— WORK TASK —
Copy out every line of the data exactly; do not include the images.

— SUPPLIED INFORMATION —
========================================

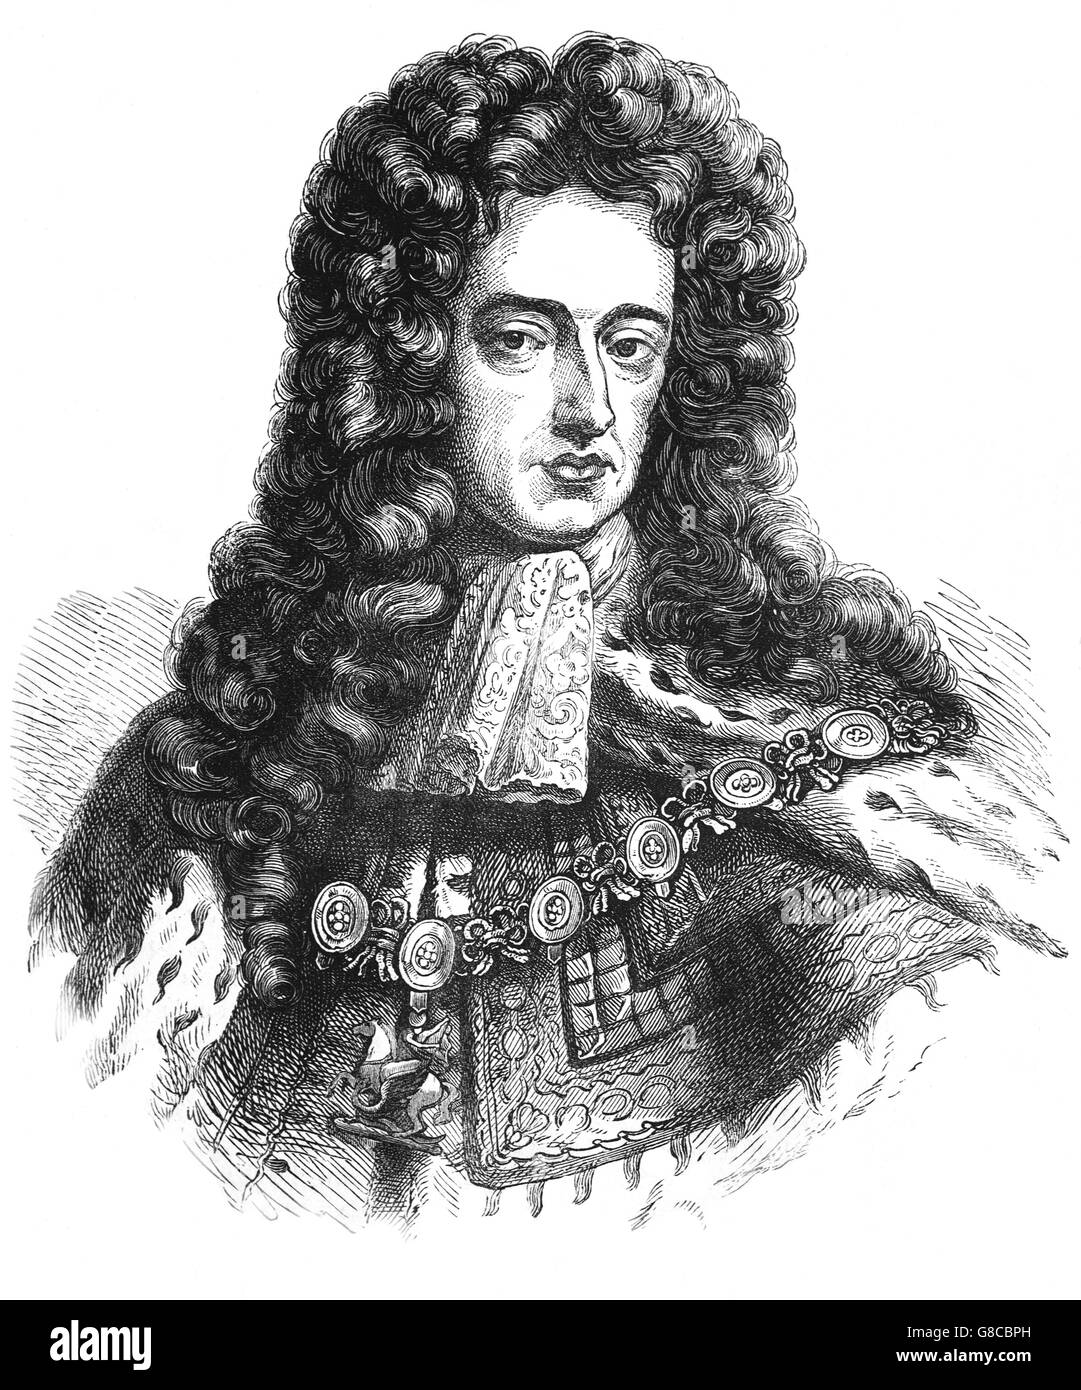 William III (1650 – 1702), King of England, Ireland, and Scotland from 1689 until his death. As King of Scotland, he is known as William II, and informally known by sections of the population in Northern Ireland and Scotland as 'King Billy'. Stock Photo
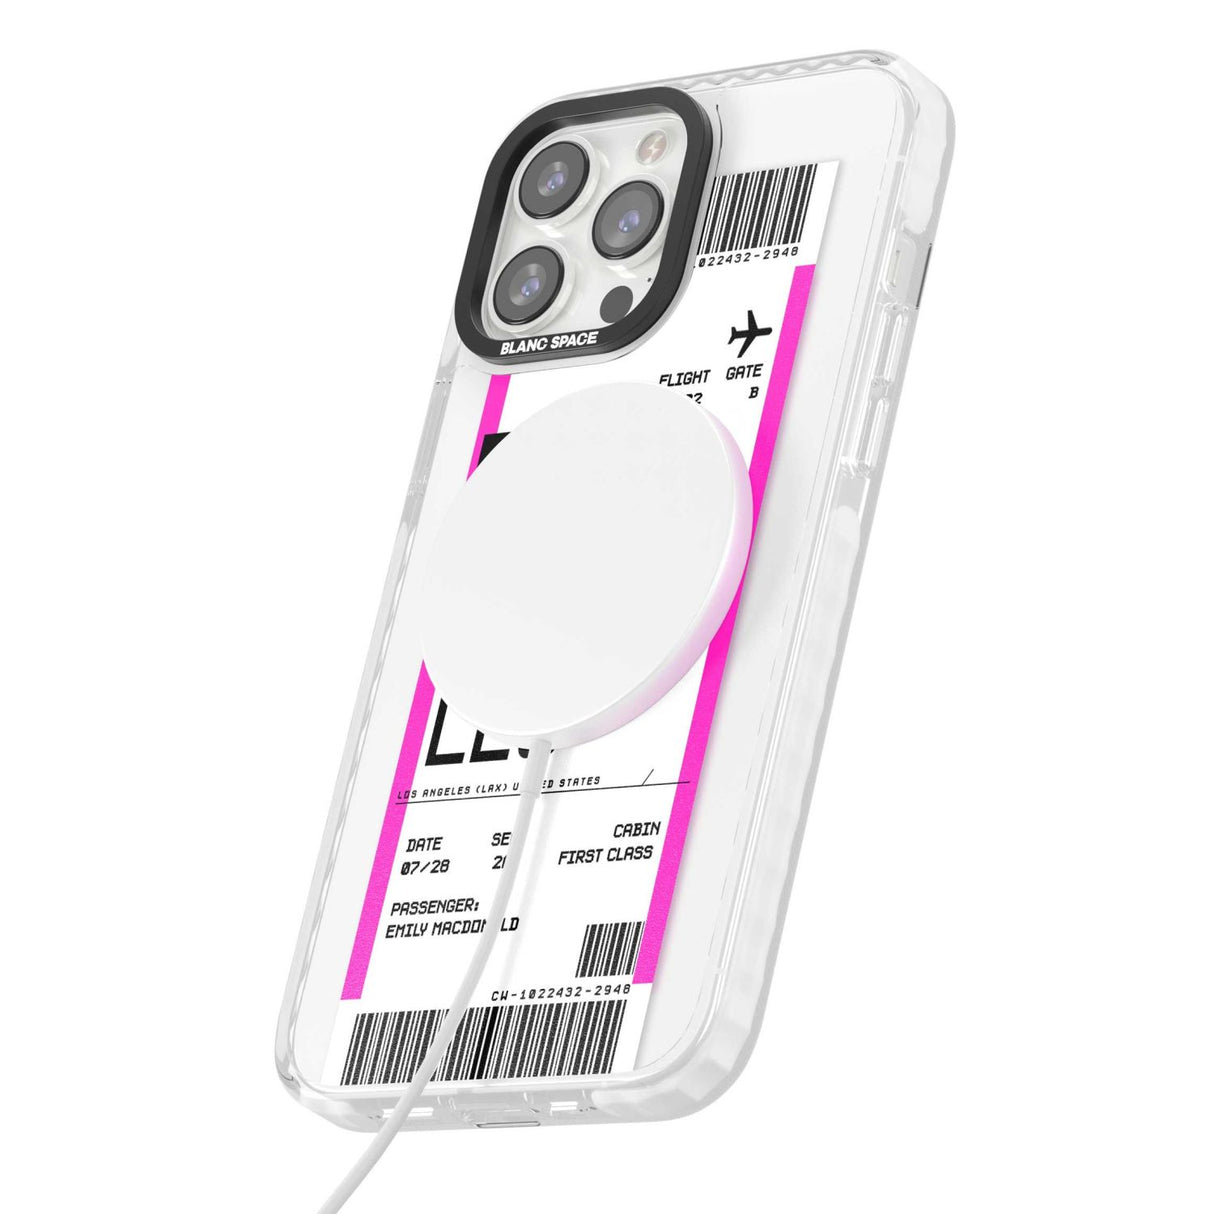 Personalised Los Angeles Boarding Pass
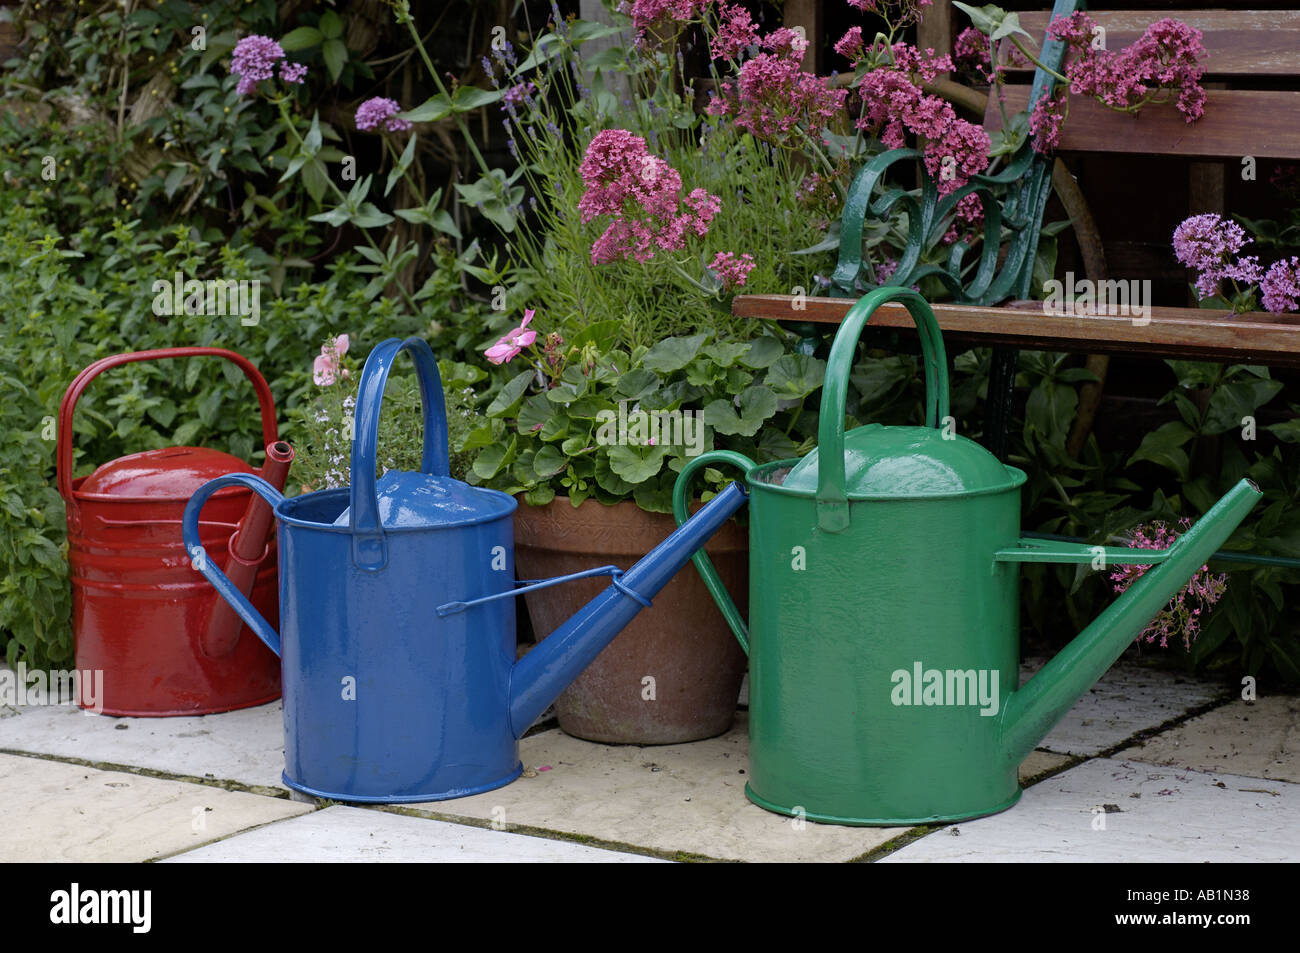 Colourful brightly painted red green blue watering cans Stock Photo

========================================

— WORKED SOLUTION —
 William III (1650 – 1702), King of England, Ireland, and Scotland from 1689 until his death. As King of Scotland, he is known as William II, and informally known by sections of the population in Northern Ireland and Scotland as 'King Billy'. Stock Photo
 Personalised Los Angeles Boarding Pass
 Colourful brightly painted red green blue watering cans Stock Photo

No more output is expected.